Senator of Northern Province, Rwanda
- Incumbent
- Assumed office 10 September 2019

Personal details
- Born: 10 October 1959 (age 66) Burera District, Rwanda
- Party: Rwanda Patriotic Front
- Alma mater: University of KwaZulu-Natal (PhD in mathematics education) University of Sherbrooke (Masters of science in mathematics) University of Rwanda (Bachelor of Sciences in mathematics and physics)
- Occupation: Lecturer, politician, academic administrator
- Known for: Leadership, academic administration, politics

= Faustin Habineza =

Faustin Habineza (born 10 October 1959) is a Rwandan mathematician, educator, and politician.

Habineza is a senator of Northern province in Parliament of Rwanda since September 2019. Previously, he served in education as a lecturer for various local universities such as former Kigali Institute of Education now University of Rwanda, College of Education and INES-Ruhengeri.

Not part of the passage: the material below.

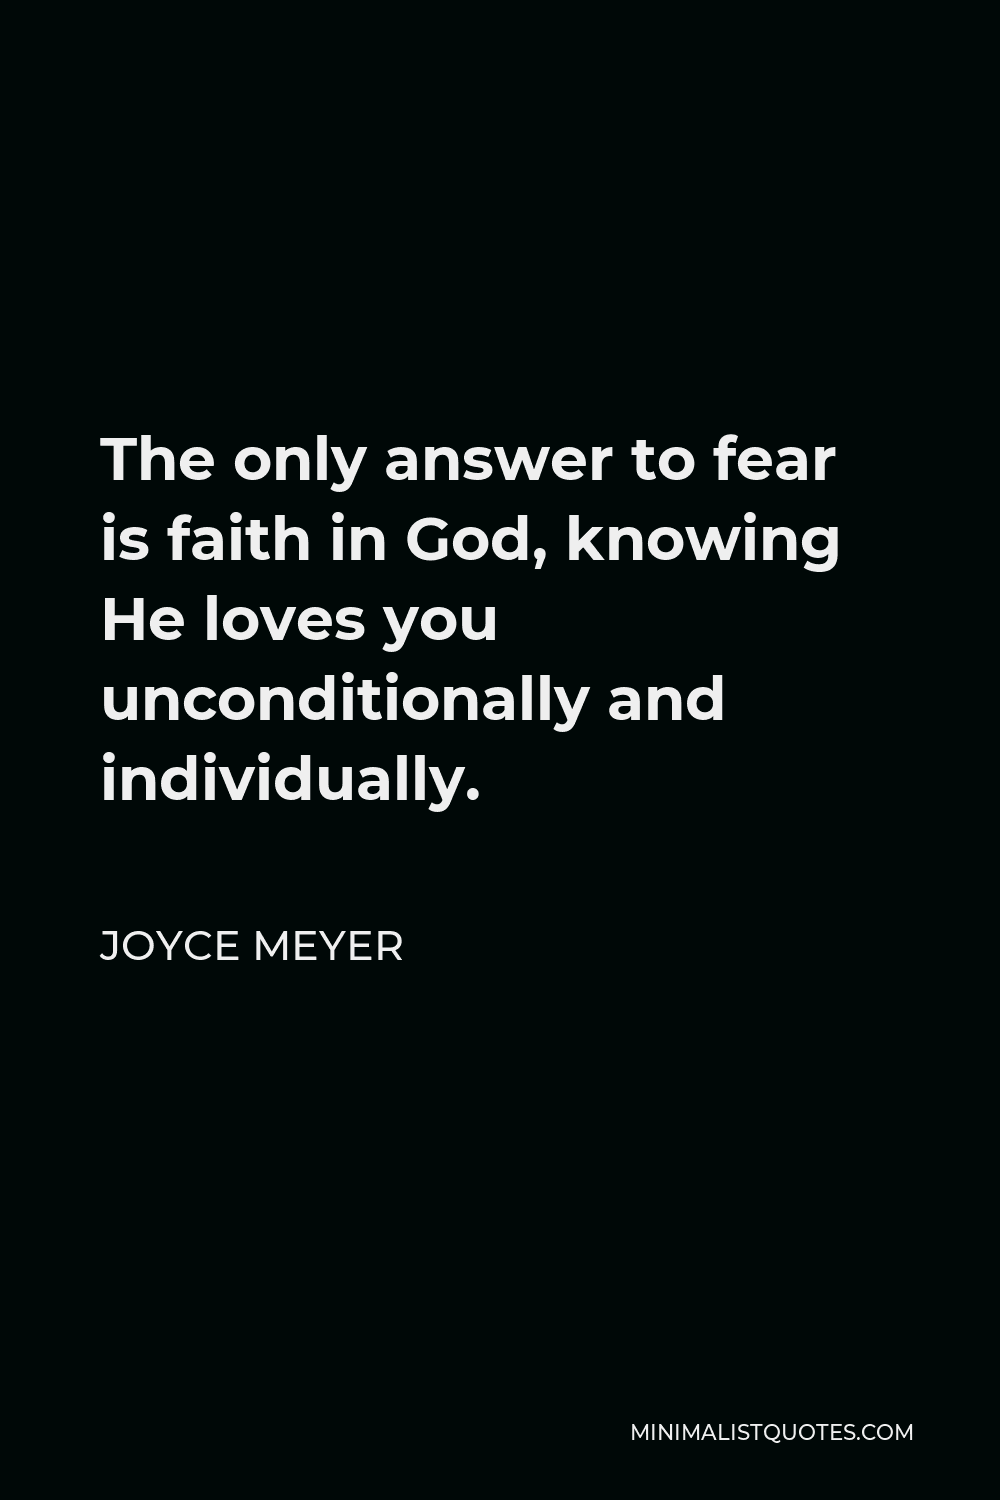 Joyce Meyer Quote - The only answer to fear is faith in God, knowing He loves you unconditionally and individually.

From 2011 to 2016 Habineza was deputy chairperson of Kigali city council. And he also served as chairperson of Burera District council from March 2016 to October 2019.

== Early life and education ==
Habineza was born on 10 October 1959 in Burera, Rwanda. He attended primary education at Gaseke primary school in Burera (1966–1973), secondary education at Petit Séminaire de Rwesero in Gicumbi (1973–1980). In 1980, Habineza joined former National University of Rwanda (NUR) now University of Rwanda (UR) where he graduated with Bachelors of Science in Mathematics and Physics in 1983.

In 1983 Habineza further enrolled in University of Sherbrooke, Canada for post graduates degree, he graduated with Masters of Science in mathematics in 1987. From 2004, he was pursuing studies for PhD of Mathematics Education at University of KwaZulu-Natal, South Africa where he graduated in 2010. In 2013, Habineza obtained postgraduate certificate in teaching and learning in Higher Education (PGCLTHE) from former Kigali Institute of Education (KIE) now University of Rwanda, College of Education.

== Academic career ==
Habineza served in Rwanda ministry of education (MINEDUC) as head of IT and data processing division, and director of teacher management and development between April 1998 and June 2002.

From July 2002 to September 2014 Habineza served as lecturer and head of department of Integrated Sciences at former Kigali Institute of Education now University of Rwanda, College of Education. Afterwards he moved to the Institute of Applied Sciences Ruhengeri (INES- Ruhengeri), Northern Province of Rwanda to serve as Senior lecturer and Dean of faculty of applied fundamental sciences from April 2015 up to his electoral as senator of Northern province in Third legislature of the Rwandan Senate in October 2019.

== Personal life ==
Habineza is married with 3 children and 2 grandchildren ^{(as of October 2023)}.

== Publications ==

- Education in Rwanda. Rebalancing Resources to Accelerate Post-Conflict Development and Poverty Reduction, 2003.
- Developing first-year mathematics student teachers' understanding of the concepts of the definite and the indefinite integrals and their link through the fundamental theorem of calculus: an action research project in Rwanda, 2010.
- A case study of analysing student teachers' concept images of the definite integral P38-54, 2013.
- An exploratory survey of students' attitudes towards Mathematics at INES-Ruhengeri in Rwanda, 2014.
- Developing Students Understanding of the Concept of Integral: The Definite and the Indefinite Integrals and Their Link Through the Fundamental Theorem of Calculus, 2017.
- Identification of possible strategies for implementing PBL at INES-Ruhengeri: A preliminary study, 2018.
- Levels of Secondary School Students' Attitudes and Anxiety Towards Mathematics in Musanze District in Rwanda: An Exploratory Study, P345-349, 2018.
- An exploratory survey of undergraduate students' attitudes towards research in Ines-Ruhengeri in Rwanda, 2018.
- Secondary School Students' differences on attitude and anxiety towards mathematics by gender and schools' status and type in Musanze District in The Republic of Rwanda, 2019.
- Prevalence of Swine Gastrointestinal Parasites in Nyagatare District, Rwanda, 2020.